On a hot morning in July, a sleepy John Crerar Library starts to rouse as students arrive for Introduction to Robot Programming and Design, a college-level summer course for Chicago Public Schools rising seniors. Since Crerar’s renovation five years ago, the University Library’s sciences collections, housed here since 1984, have shared the building with the Department of Computer Science. Hustling and bustling from September to June, Crerar is several notches quieter now.
On the first floor is the Computer Science Instructional Laboratory, with computer stations and classrooms. The lab doesn’t officially open until 10, the same time that class begins, but early-arriving students cajole a building manager into unlocking the glass doors a few minutes before the hour.

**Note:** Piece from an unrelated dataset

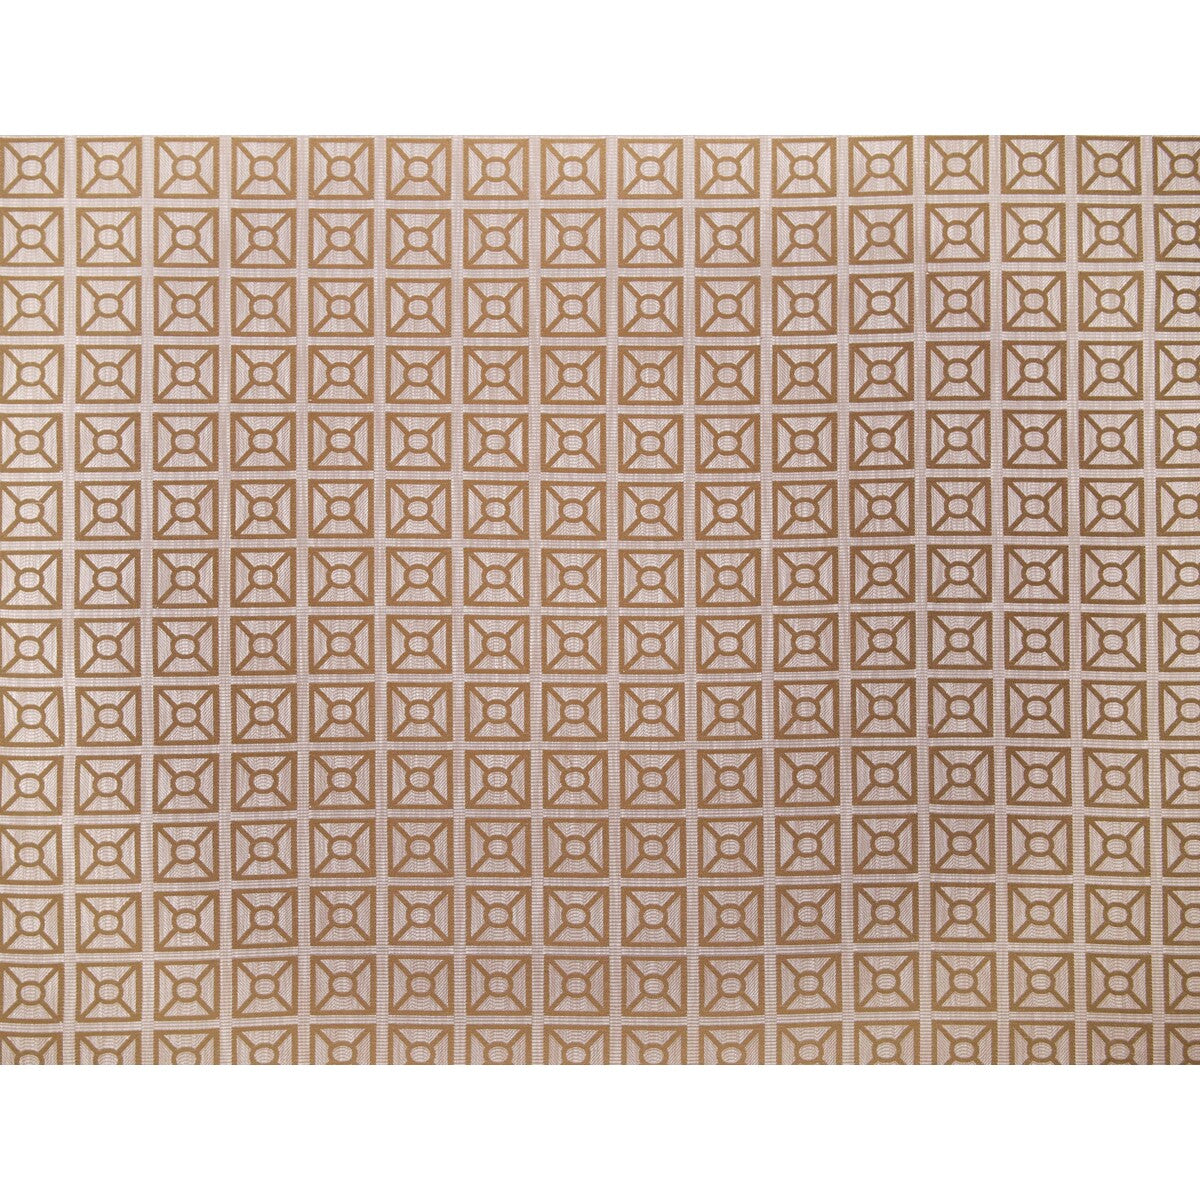 Arabica fabric in ocre color - pattern GDT5390.3.0 - by Gaston y Daniela in the Gaston Africalia collection

The students have traveled to Crerar from all over the city. They’re Collegiate Scholars, enrolled in a program started by the Office of Community Affairs (now the Office of Civic Engagement) in 2003 to help academically talented, intellectually curious Chicago Public Schools students prepare for and succeed at selective four-year colleges. The Collegiate Scholars Program admits 50 rising sophomores each May. Over the next three years, they take summer courses like this one, many taught by UChicago faculty, and have access to dozens of workshops and activities during the school year—on academic subjects, college exploration and readiness, leadership, community service, and more.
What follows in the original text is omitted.